== Assignment ==
Would you set down every entry again, exactly as written?

== Stored entries ==

%%

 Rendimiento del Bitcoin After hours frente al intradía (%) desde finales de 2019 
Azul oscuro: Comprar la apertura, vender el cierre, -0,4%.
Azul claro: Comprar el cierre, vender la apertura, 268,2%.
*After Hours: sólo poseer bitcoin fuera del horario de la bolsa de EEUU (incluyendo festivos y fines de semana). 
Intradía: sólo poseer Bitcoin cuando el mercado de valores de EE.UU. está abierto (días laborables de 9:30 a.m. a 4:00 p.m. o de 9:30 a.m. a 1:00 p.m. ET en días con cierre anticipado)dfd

%%

== Problem solution ==
 Rendimiento del Bitcoin After hours frente al intradía (%) desde finales de 2019 
Azul oscuro: Comprar la apertura, vender el cierre, -0,4%.
Azul claro: Comprar el cierre, vender la apertura, 268,2%.
*After Hours: sólo poseer bitcoin fuera del horario de la bolsa de EEUU (incluyendo festivos y fines de semana). 
Intradía: sólo poseer Bitcoin cuando el mercado de valores de EE.UU. está abierto (días laborables de 9:30 a.m. a 4:00 p.m. o de 9:30 a.m. a 1:00 p.m. ET en días con cierre anticipado)dfd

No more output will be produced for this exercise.